A groundbreaking development in artificial intelligence promises to shift the focus of medicine from diagnosis to prediction. A new AI model, detailed in a recent publication, claims it can forecast which of more than a thousand diseases a person might develop in their lifetime. This could one day allow doctors to identify high-risk patients long before symptoms appear.
How Delphi-2M Works: Inspired by Language Models
The model, named Delphi-2M, was developed by research teams at the European Molecular Biology Laboratory (EMBL) in Cambridge and the German Cancer Research Centre in Heidelberg. Its design takes a page from the book of large language models (LLMs) like GPT-5, which power chatbots. These LLMs are trained on vast amounts of text to predict the next word in a sequence.
The creators of Delphi-2M applied a similar logic to human health. They reasoned that an AI trained on massive datasets of medical histories could learn to predict the next health event in a person's life. However, a crucial adjustment was needed. Unlike words in a sentence, medical diagnoses are separated by time. To account for this, the researchers modified the model to encode a person's age instead of a word's position, allowing it to understand the temporal gaps between health events.

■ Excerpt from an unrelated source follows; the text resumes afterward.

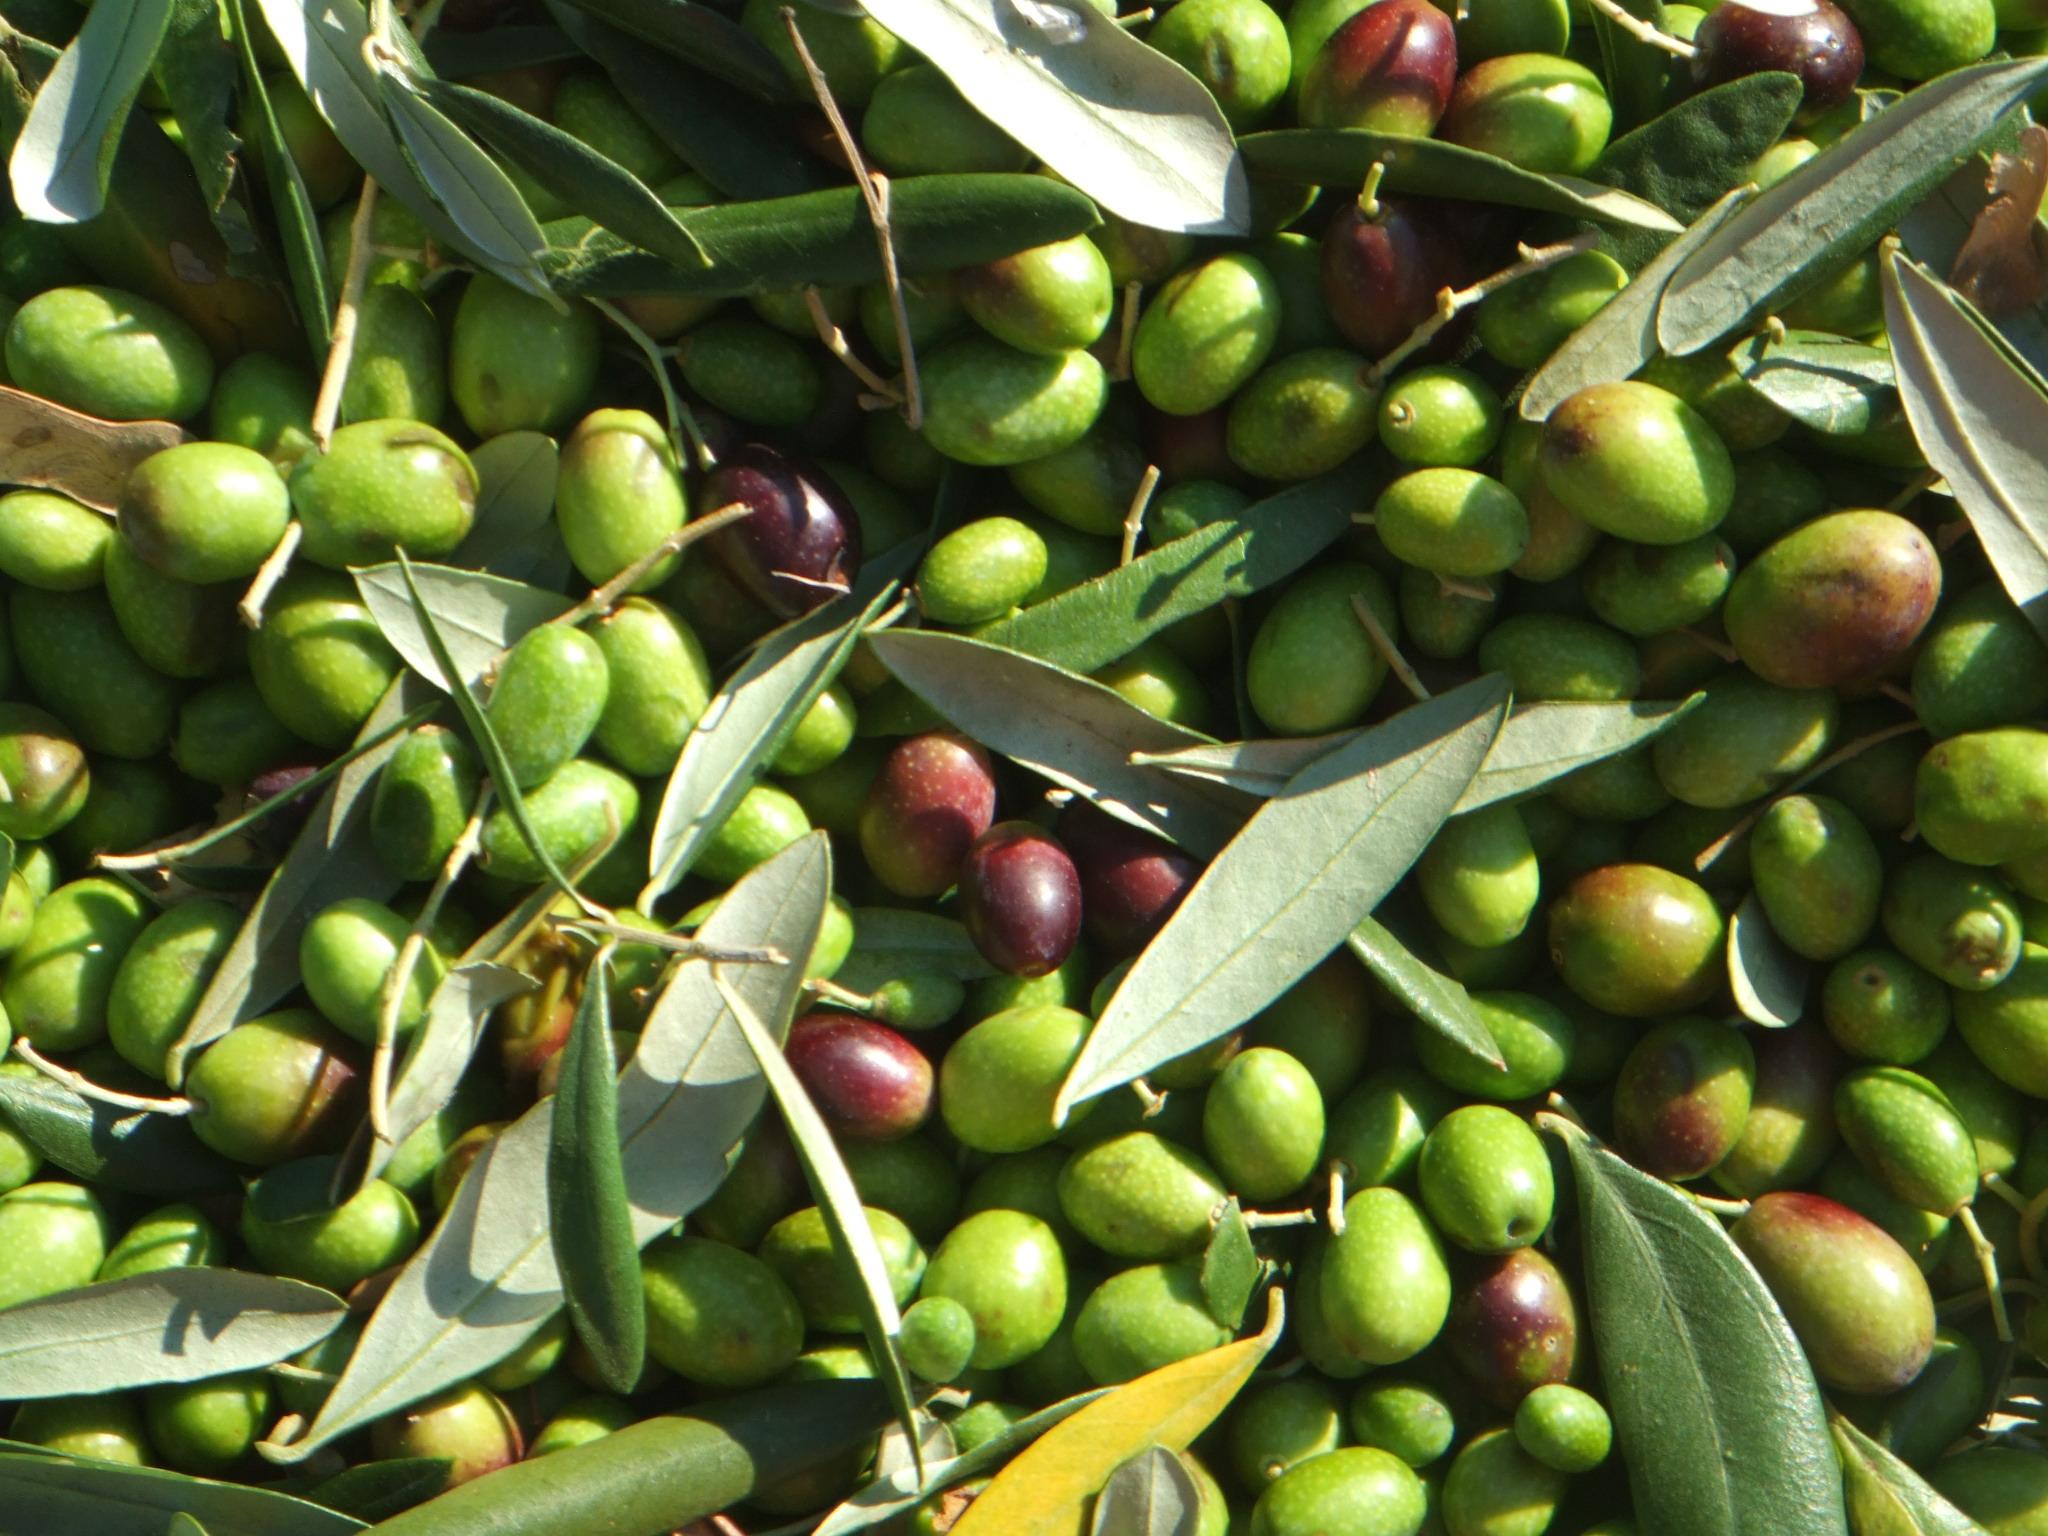 رتبه نخست زنجان در تولید زیتون کشور/جای خالی زیتون طارم در بازارهای جهانی

The model was trained on anonymised data from 400,000 people in the UK Biobank, one of the world's most comprehensive biological databases. It learned from the sequence and timing of ICD-10 codes—the standard medical shorthand for diagnoses—representing 1,256 different diseases.
Testing Accuracy and Future Potential
After its initial training, Delphi-2M was rigorously tested. It was first validated on data from another 100,000 individuals in the UK Biobank. To ensure its robustness, researchers then tested it on famously thorough Danish health records, using data from 1.9 million Danes dating back to 1978.

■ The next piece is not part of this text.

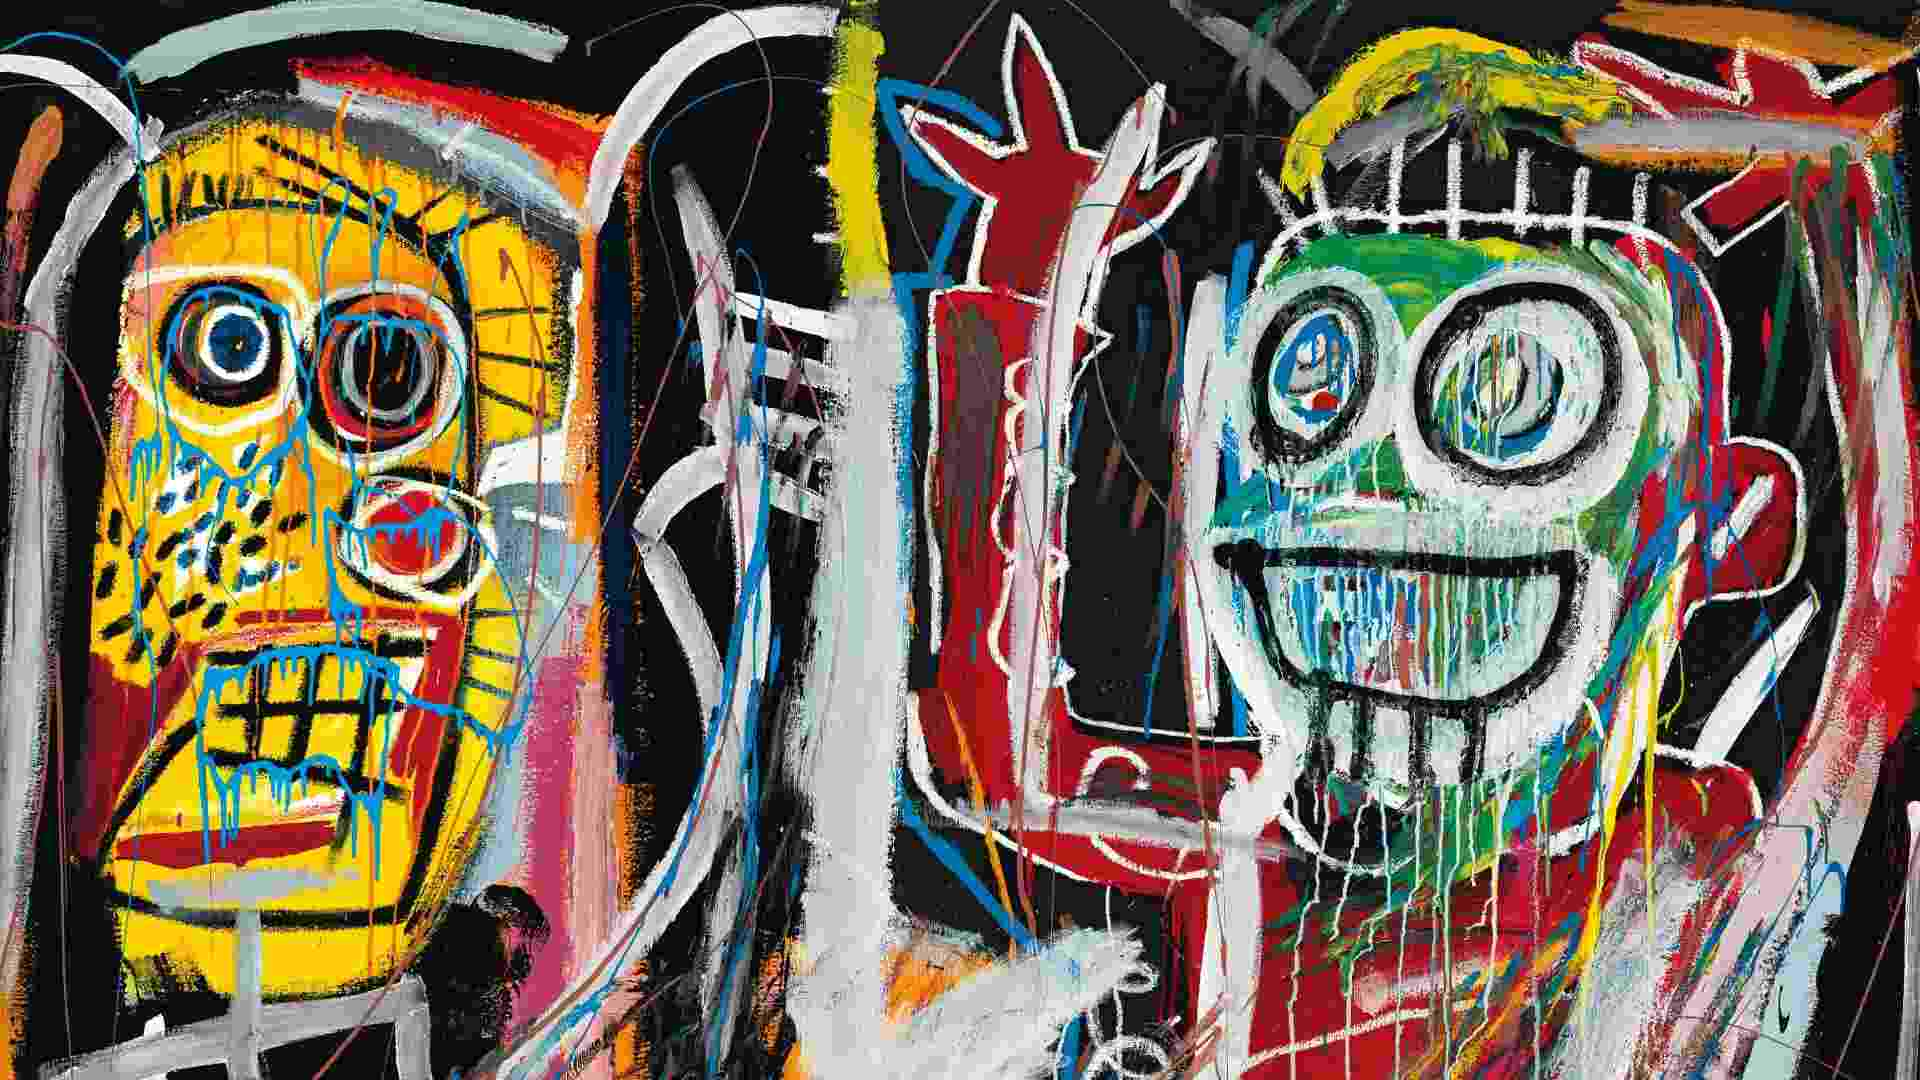 """16.mai.2013 - O outro recordista em leilão em Nova York foi um quadro de Jean-Michel Basquiat """"Dustheads"""", que foi arrematado por US$ 48,8 milhões, um valor que supera o recorde alcançado até então por uma obra deste artista nova-iorquino: US$ 26,4 milhões, alcançado em novembro de 2012. A venda de arte contemporânea da Christie's arrecadou US$ 495 milhões, maior valor na história dos leilões de arte - Christie's/EFE"""

To measure performance, scientists used a metric called AUC (Area Under the Curve). A perfect score is 1, while 0.5 is no better than random chance. For predicting diagnoses within five years, Delphi-2M scored an average of 0.76 on British data and 0.67 on Danish data. Predictably, its accuracy was higher for conditions that commonly follow a specific prior event (like death after sepsis) and lower for random events like viral infections. When looking ten years into the future, the average score dropped to 0.7.

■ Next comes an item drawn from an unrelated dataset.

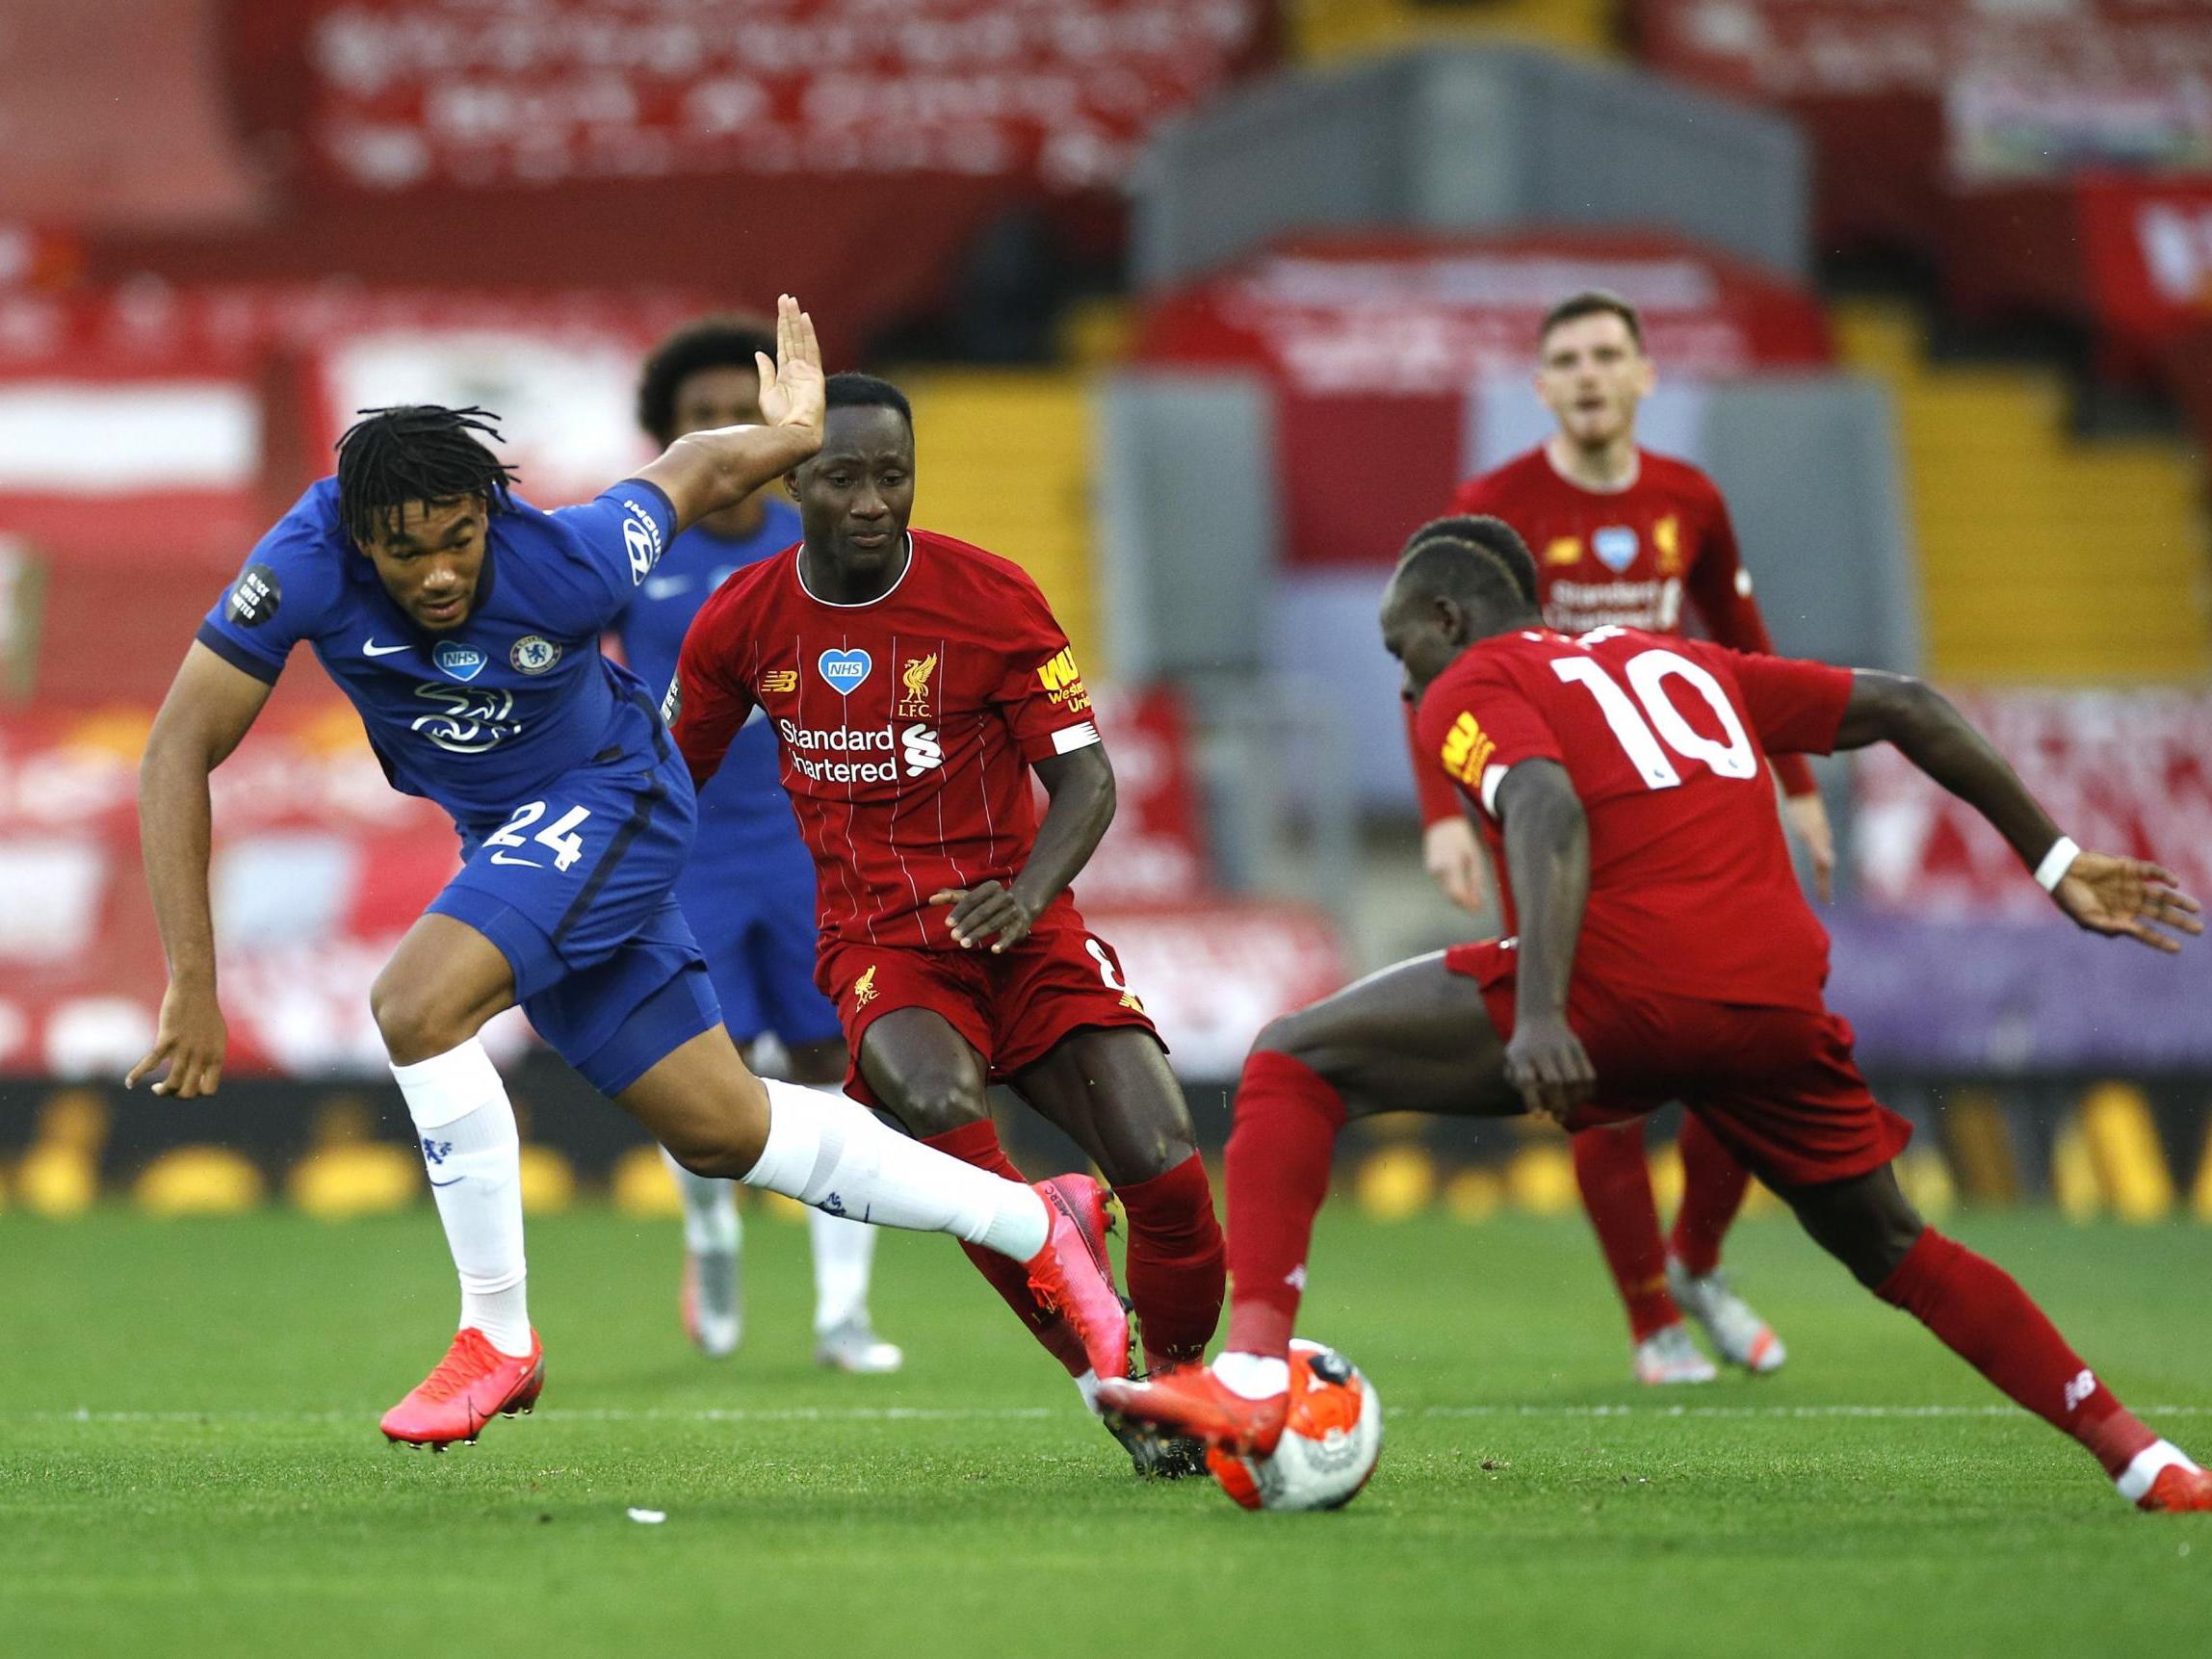 Liverpool Vs Chelsea LIVE Latest Premier League Updates

While the results are promising, real-world application in clinics is still years away. The model must undergo extensive clinical trials to see if it genuinely improves patient outcomes. The research team is also working to upgrade Delphi-2M to process more than just diagnosis codes. Future versions could incorporate medical images and genome sequences from the UK Biobank, potentially boosting accuracy further.
A New Frontier in Preventive Medicine and Research
Delphi-2M is not alone in this space. Other models, like Foresight from King's College London (2024) and ETHOS from Harvard University, share similar ambitions of predicting future health. However, Delphi-2M's approach has already yielded valuable insights for biologists. Its predictive patterns reveal which diseases tend to cluster together, hinting at previously unknown biological relationships between conditions.
Ewan Birney, a geneticist at EMBL, expressed great excitement about the possibilities, comparing the feeling to being "a kid in a candy shop." Beyond individual patient care, such models could help health authorities plan budgets by identifying disease areas that may require more resources in the future.
The journey from lab to hospital will be long, but Delphi-2M represents a significant step toward a future where medicine is proactively guided by AI, aiming to prevent disease rather than just treat it.